Широкое использование в СМИ слова «скандал» для описания любого рода конфликтных ситуаций мы расцениваем как ход, рассчитанный на привлечение внимания аудитории. Считая вопрос об универсальном определении словосочетания «политический скандал» открытым и не связанным напрямую с целями и задачами нашей работы, мы даем собственное определение с позиций лингвокультурологии, и в дальнейшем будем рассматривать только ситуации, под него подпадающие.
Под политическим скандалом мы понимаем получившее многократную вариативную разножанровую реализацию публичное конфликтное общение вокруг события, нарушающего этические нормы и влияющее на политическую ситуацию.
Мы полагаем, что именно в силу своей повышенной эмоциогенности и актуальности политический скандал развивается в сверхтекст, в конгломерат текстов разных речевых жанров - от аналитической статьи до анекдота. И чем выше интерес к событию, эмоциональный накал вокруг него - тем богаче и разнообразнее палитра текстов разных речевых жанров, созданных по его поводу. Информационный повод является чем-то вроде камня, падающего в водоем и создающим круги (не случайно метафорическая модель скандала представляет его как нечто концентрическое - новый виток скандала, скандал начал раскручиваться с новой силой, и т.п.). Именно многочисленные реакции на скандал и «реакции на реакции» создают из неприятного эпизода в жизни политика сложное дискурсивное образование, особую разновидность конфликтного общения, в которой сталкиваются интересы различных социальных групп и отстаиваются различные этические нормы.
Совокупность текстов различных речевых жанров, сконцентрированных вокруг политического скандала, объединяется в сверхтекст на основании единой ситуации функционирования: относительно ограниченного промежутка времени (время жизни скандала) и тематической общности (тексты объединены содержательно и ситуативно). Характерным признаком сверхтекста современного политического скандала является его жанровая разнородность.
Необходимо сделать уточнение о термине «сверхтекст» применительно к политическому скандалу. Н.А. Купина и Г.В. Битенская определяют сверхтекст как «совокупность высказываний, текстов, ограниченная темпорально и локально, объединенная содержательно и ситуативно, характеризующаяся цельной модальной установкой, достаточно определенными позициями адресанта и адресата» (Купина, Битенская, 1994). Некоторые критерии данного определения не представляются строго релевантными при рассмотрении феномена политического скандала: модальные установки могут быть множественными и поляризованными, локальная ограниченность в современную эпоху информационной глобализации также весьма условна.

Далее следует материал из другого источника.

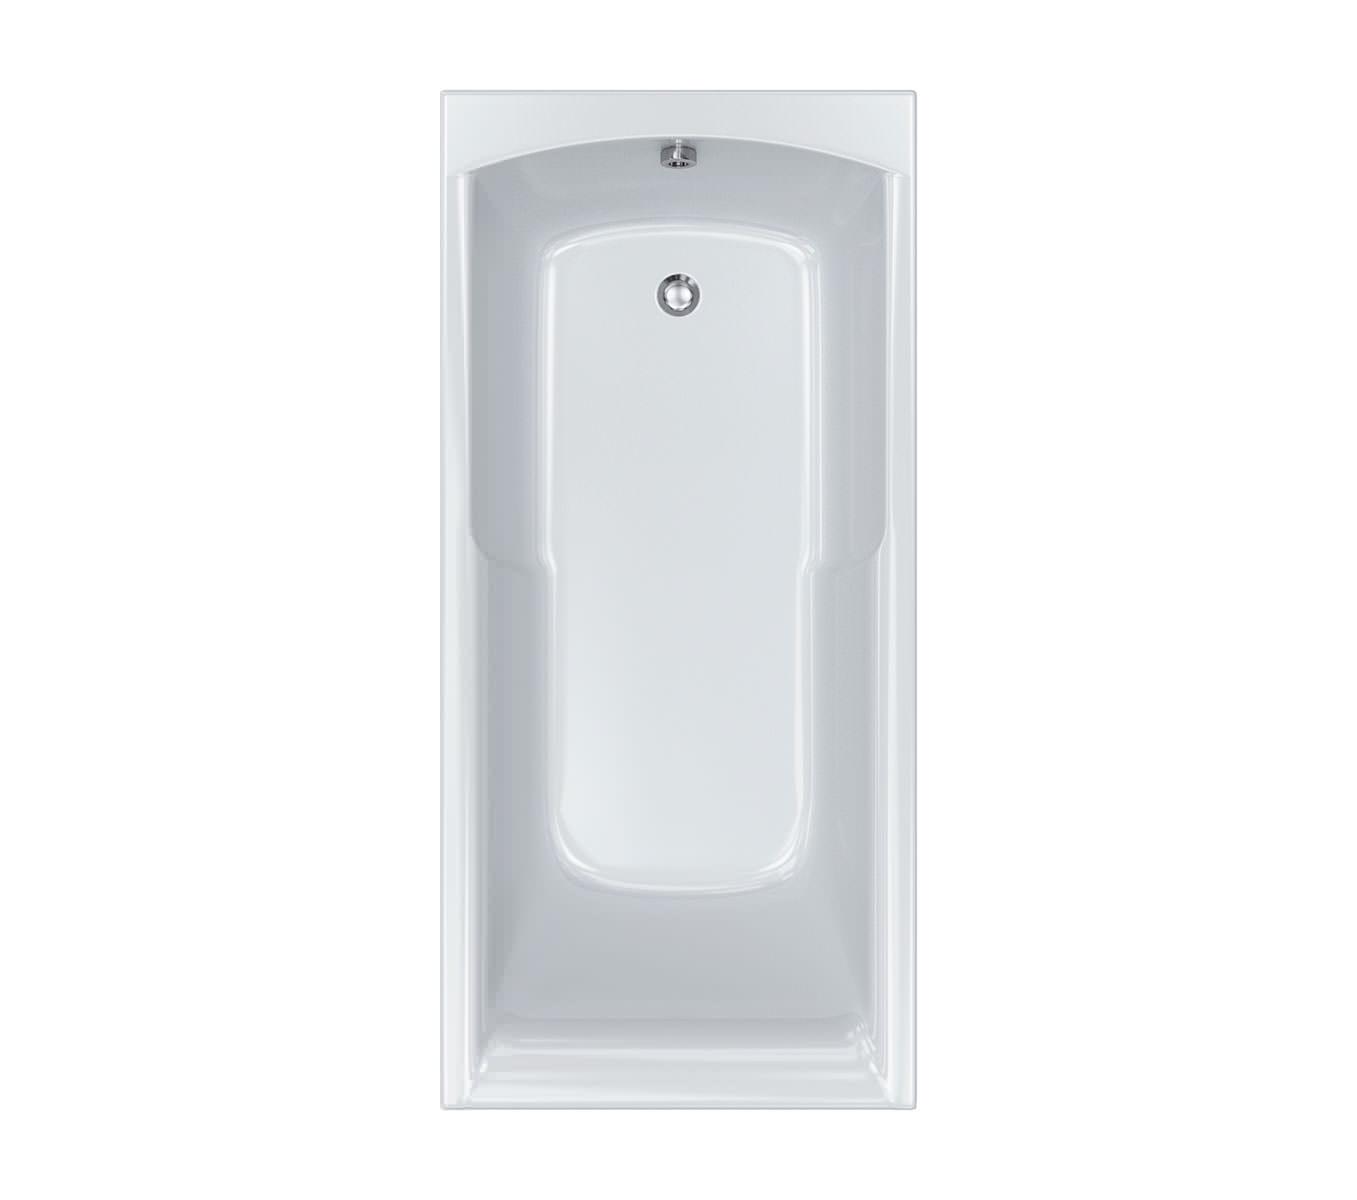 carron apex shower bath 1700 x 800mm cabap17080pa q4 02011 carron sigma right hand shower bath 1800 x 900mm
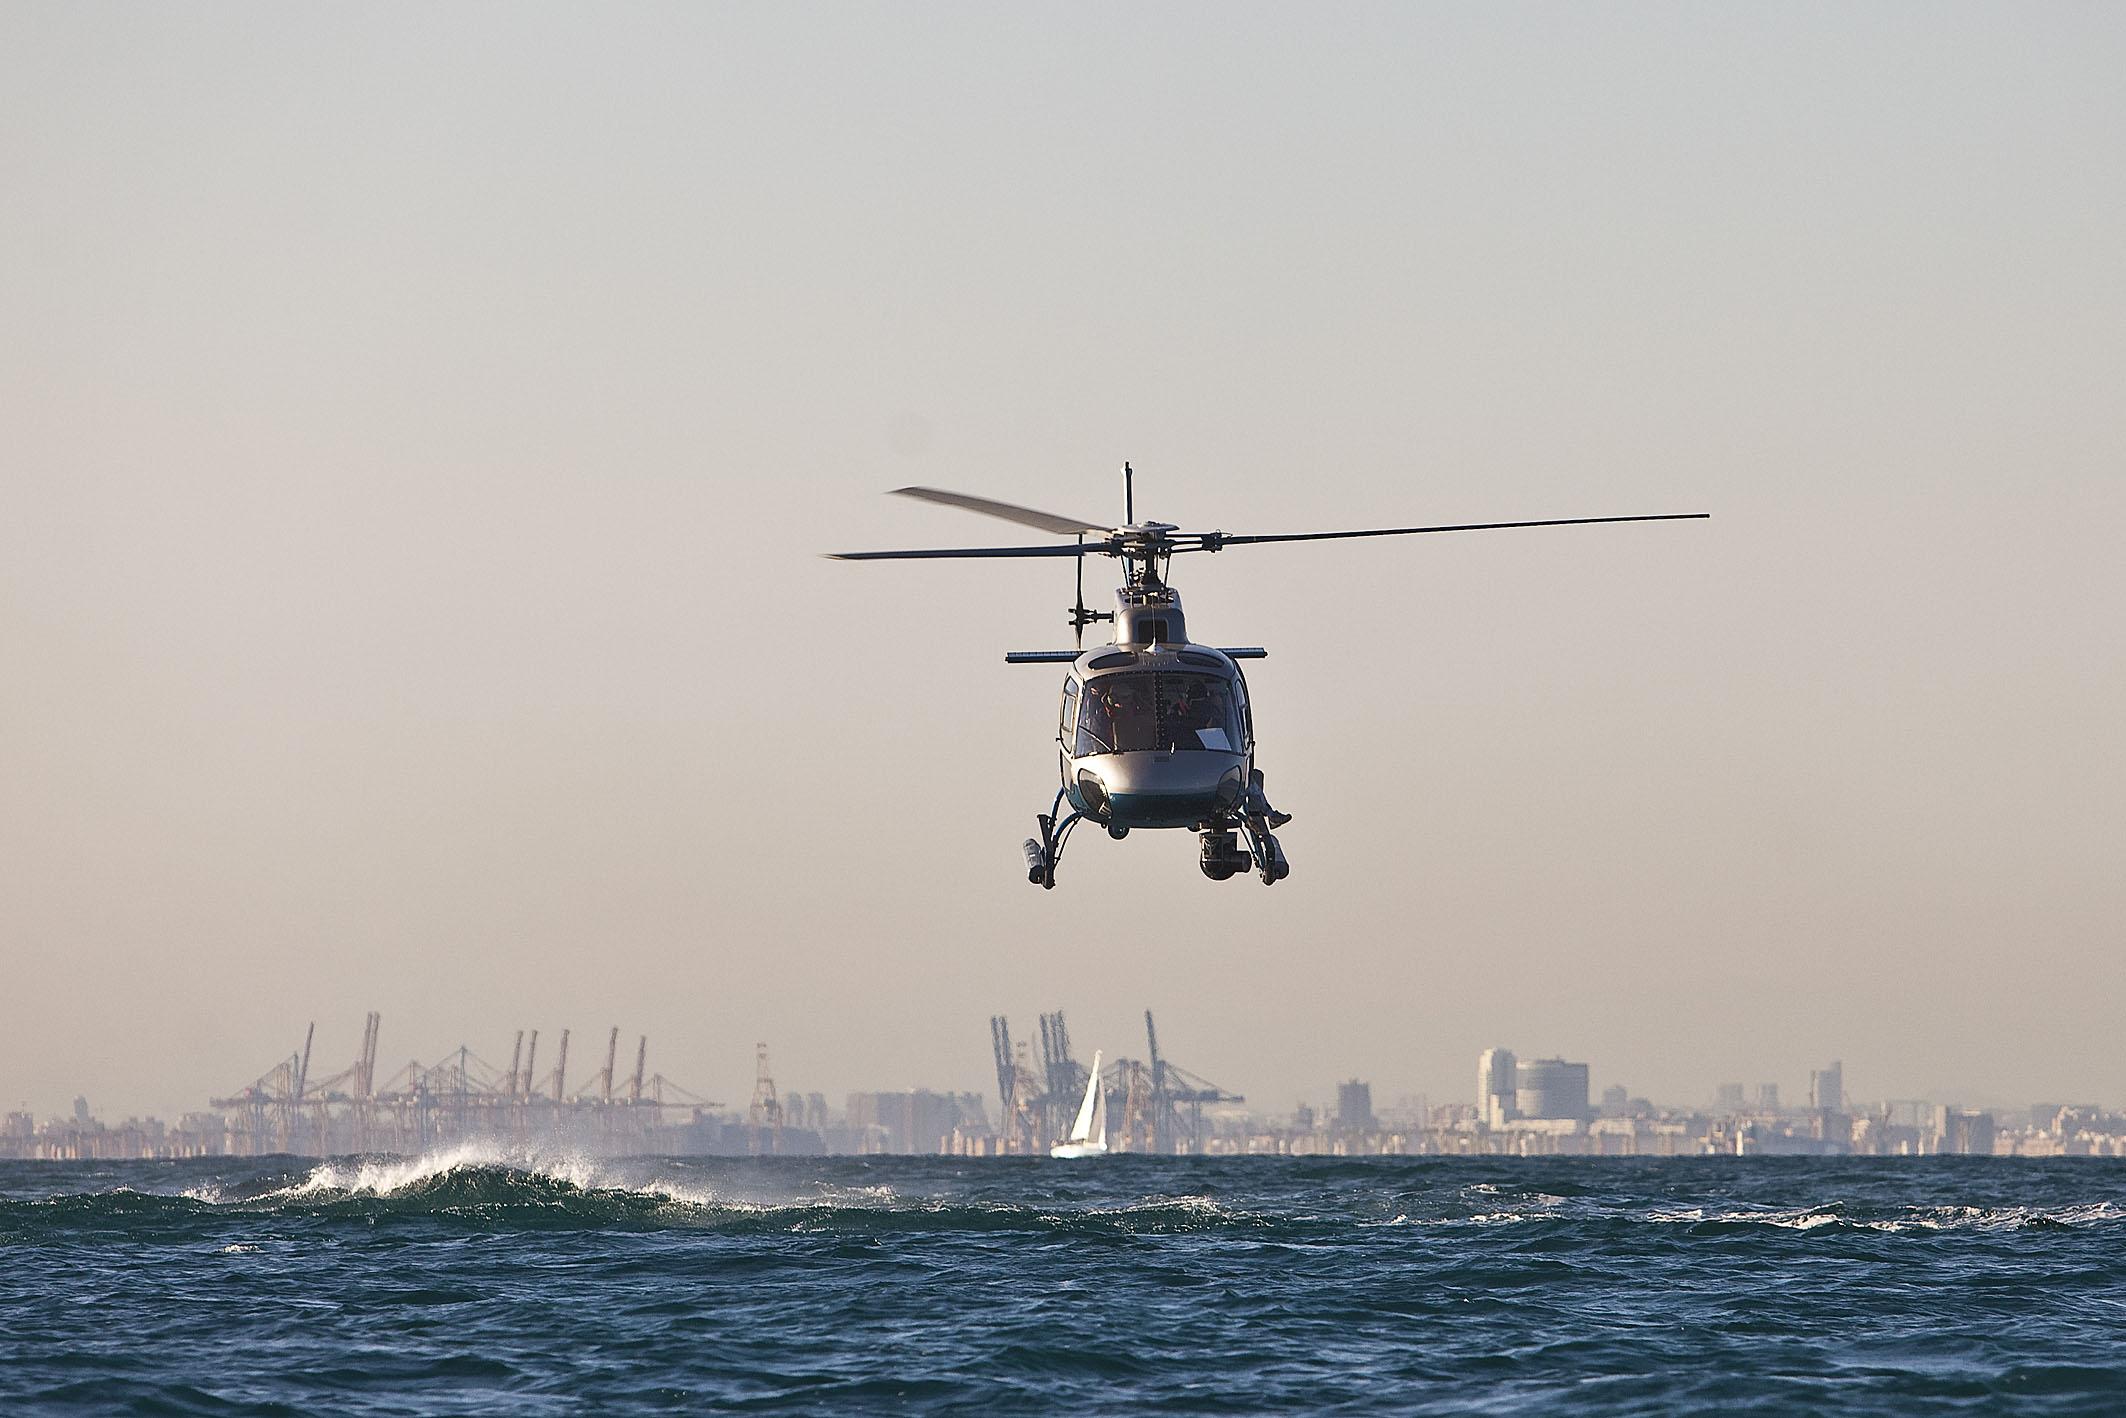 Bretagne Hélicoptères

Именно содержательное единство, связность и цельность являются основанием для утверждения о целостности текста. Также к категориям, обеспечивающим целостность текста, принято относить ситуативность и единство описываемого объекта (Мурзин, Штерн, 1991 : 15). Ситуативность сверхтекста политического скандала связана с особой разновидностью конфликтного общения: анализируемые тексты были взяты из СМИ и бытовых разговоров в периоды противостояния между участниками скандалов.
Интересен вопрос о структурной модели целостного единства политического скандала как сверхтекста. Мы предполагаем, что она может быть описана в терминах полевой структуры, так как при всем многообразии текстов разных жанров можно выделить тексты-прототипы, центральные для данного сверхтекста (новостной вброс скандала, комментарии в СМИ), близкие по своим характеристикам к институциональному типу дискурса, а также периферийные тексты - разговоры о политике, анекдоты, карикатуры, и т.п., в которых институциональные характеристики гораздо слабее, и больший удельный вес имеют личностные смыслы, характерные прежде всего для сферы межличностного общения.
Структура текстов политического скандала отличается заметно большей организованностью и связями между ее компонентами, чем, к примеру, ризоматическая (ризома - корневая система наподобие луковицы или клубня) модель французских исследователей Ж. Делёза и Ф. Гваттари, которые выдвинули теоретическое положение об особой модели целостности, «ацентрированной системы, не иерархической и не означающей» (Deleuze, Guattari, 1976; цит. по: Енина, 1997 : 21). Описывая сверхтекст политического лозунга, Л.В. Енина отмечает, что «ризоматическая целостность включает в себя множества, каждое из которых соединено с другим не бинарными оппозициями, а линиями сегментарности» (Енина, 1997 : 22).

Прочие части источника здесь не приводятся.